In any case, I don't like the waveform much. Mushy; that rising edge should ideally be like a cliff face. Is it possible to get any better performance out of a lowly 2-transistor multivibrator? Something to shape that into a cleaner square wave? and get rid of that ringing, too. That can't be doing my efficiency any good.
2. I've never worked with MOSFETs below, and just grabbed one from LTspices's parts box that looked like it might work OK. Can someone suggest some devices that would be appropriate for this, based on my power requirements? Remember, I'm not after overkill here. Ideally this would be something small, in a TO-92 package, or similar, not a big FET requiring a heat sink. I'm using a N-channel; is that the right way to go here?
3. This oscillator runs a bit on the slow side (~11kHz currently). I'd like to get that up somewhere closer to the 30-40-60kHz neighborhood if possible, but I have problems with the simulation just not starting if I decrease the caps too much.
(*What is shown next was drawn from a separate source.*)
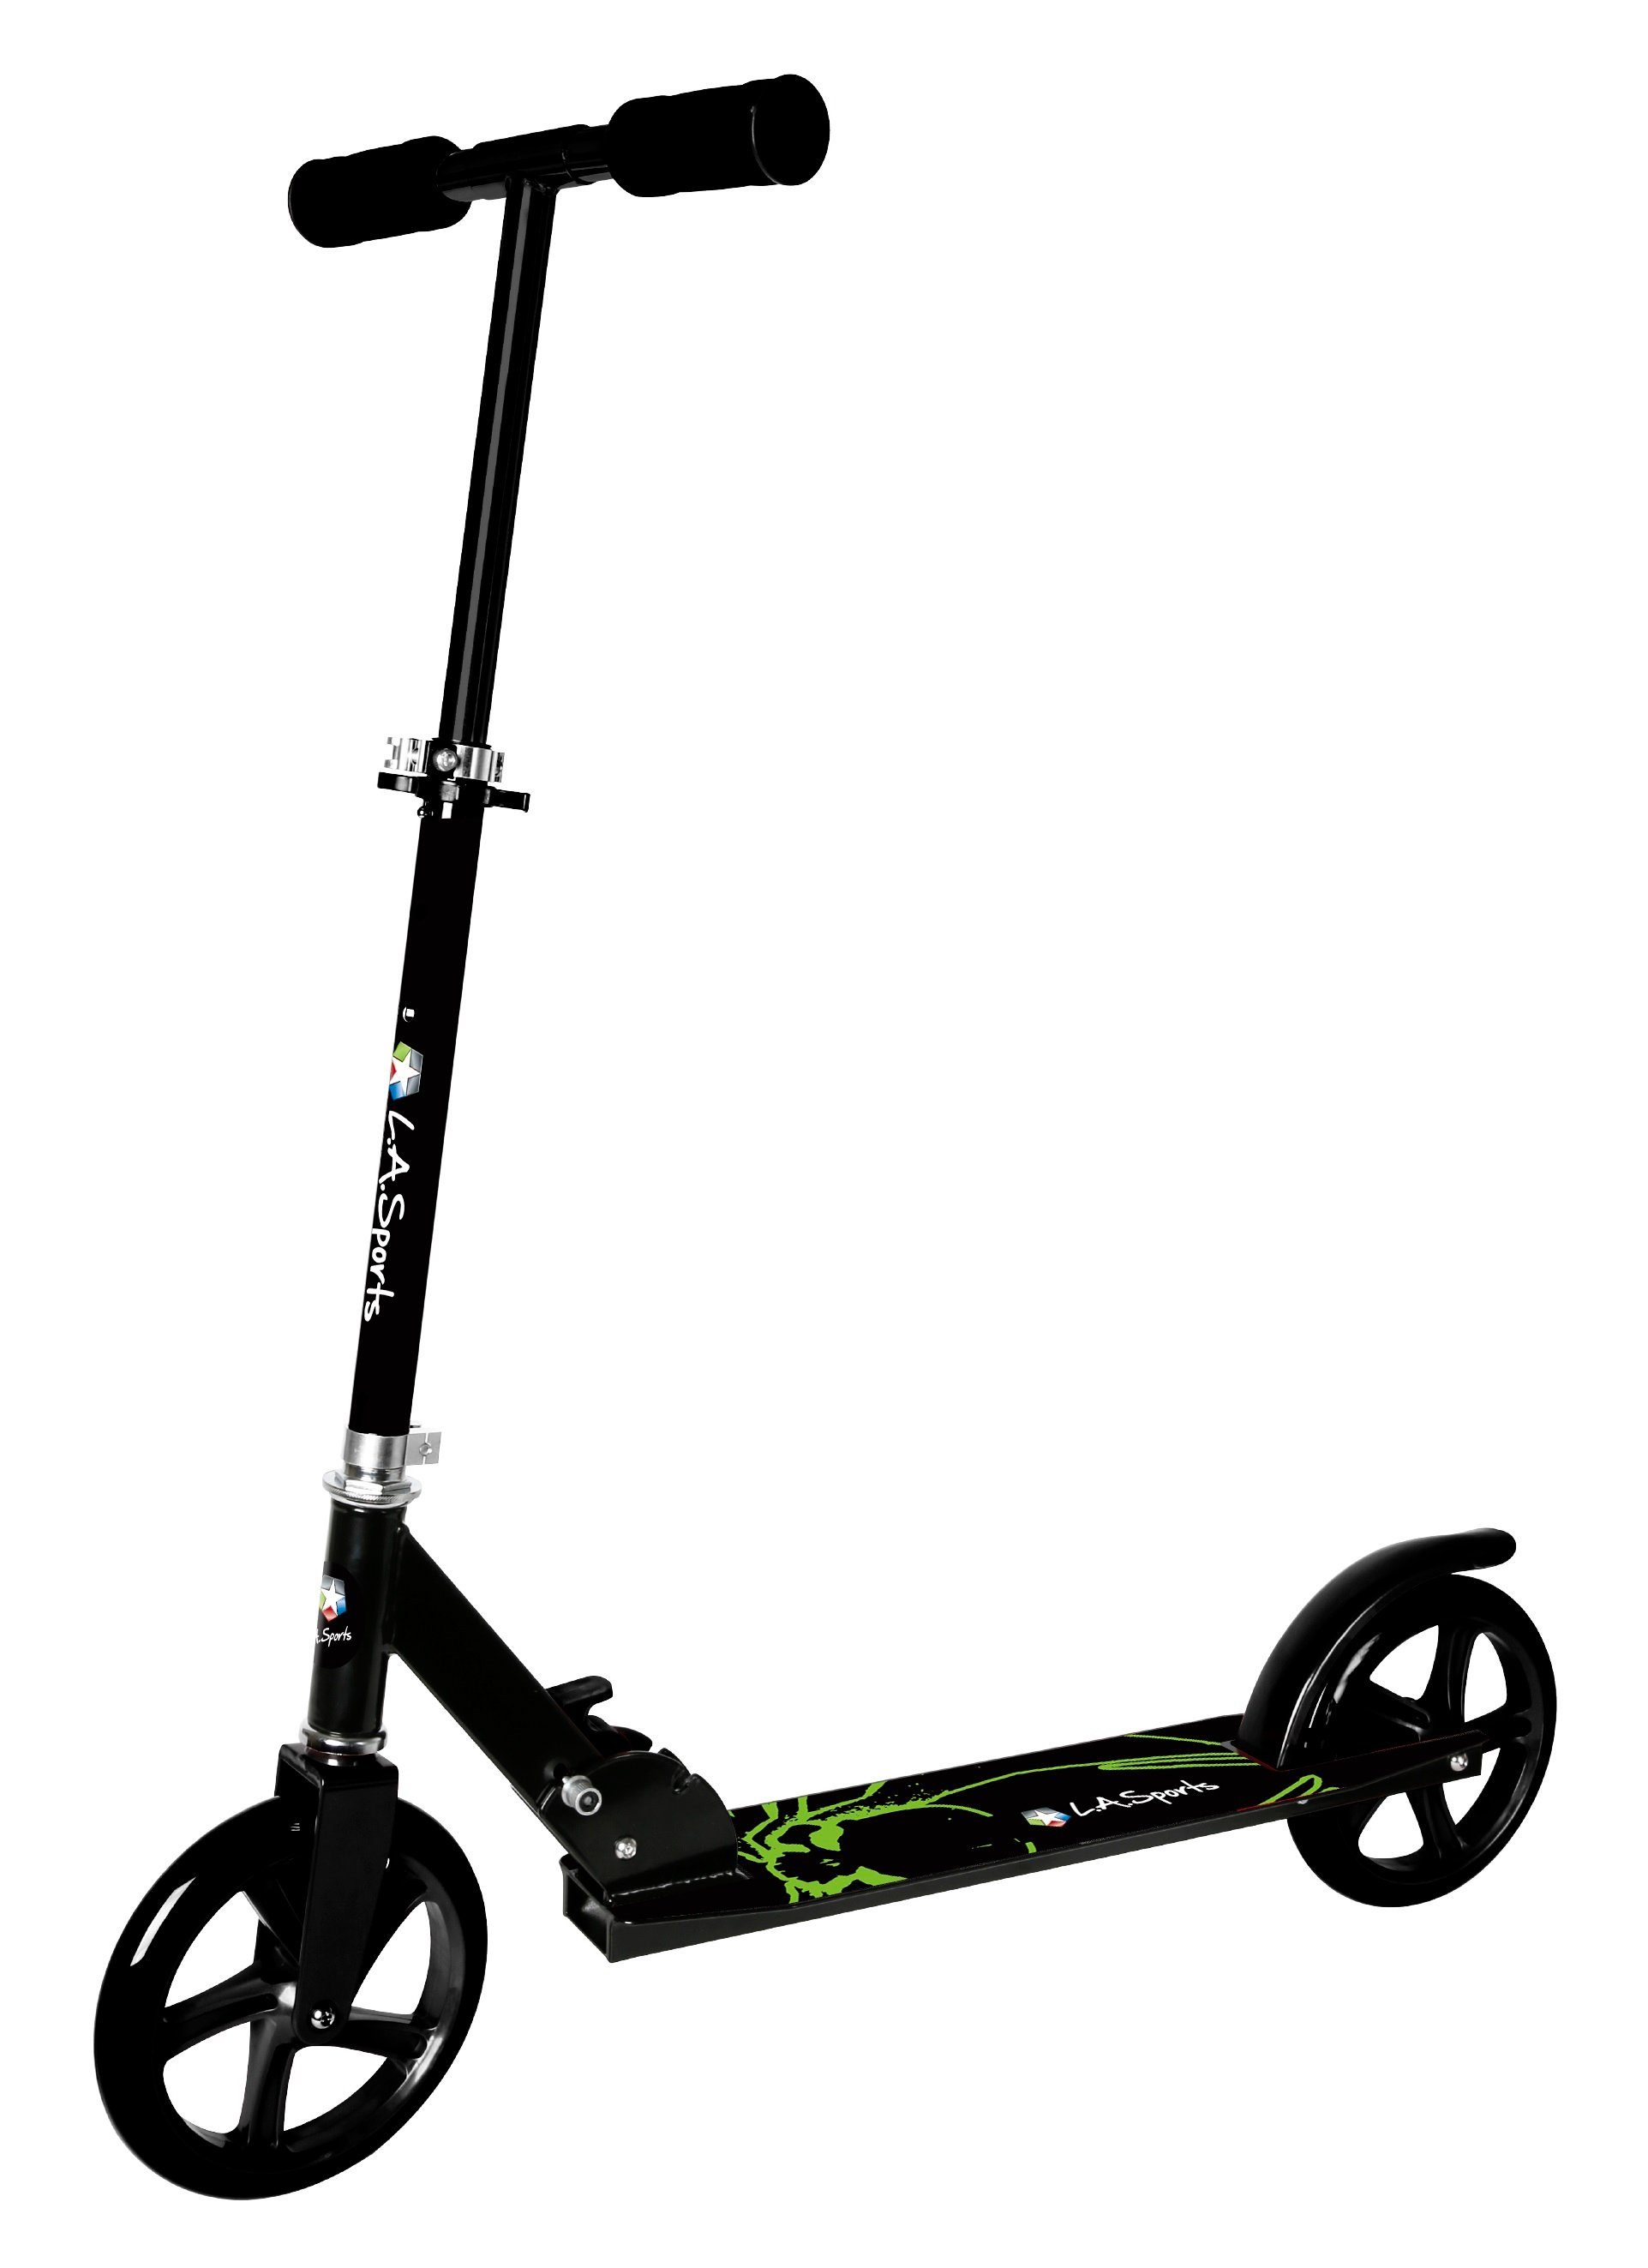 L.A. Sports Cityroller ALU-Scooter Onyx XL Big Wheels ab 6 Jahren, City- Roller Farbe grün - schwarz, faltbar, Höhe verstellbar für Kinder,  Jugendliche & Erwachsene, große XL Räder 200 mm

There seems to be a fairly delicate balance running a multivibrator on such a low voltage. Any pointers on why that's so and how to work around it would be appreciated.
4. Obviously this circuit is lacking regulation (I'm trying to get the boost working first). In the interest of simplicity, I'd like to use my classic poor-man's regulator circuit:
**broken link removed**
In my other design, I simply connected the collector here to the base of one of the multivibrator transistors. Works surprisingly well. Any other ideas appreciated. (Simple ones.)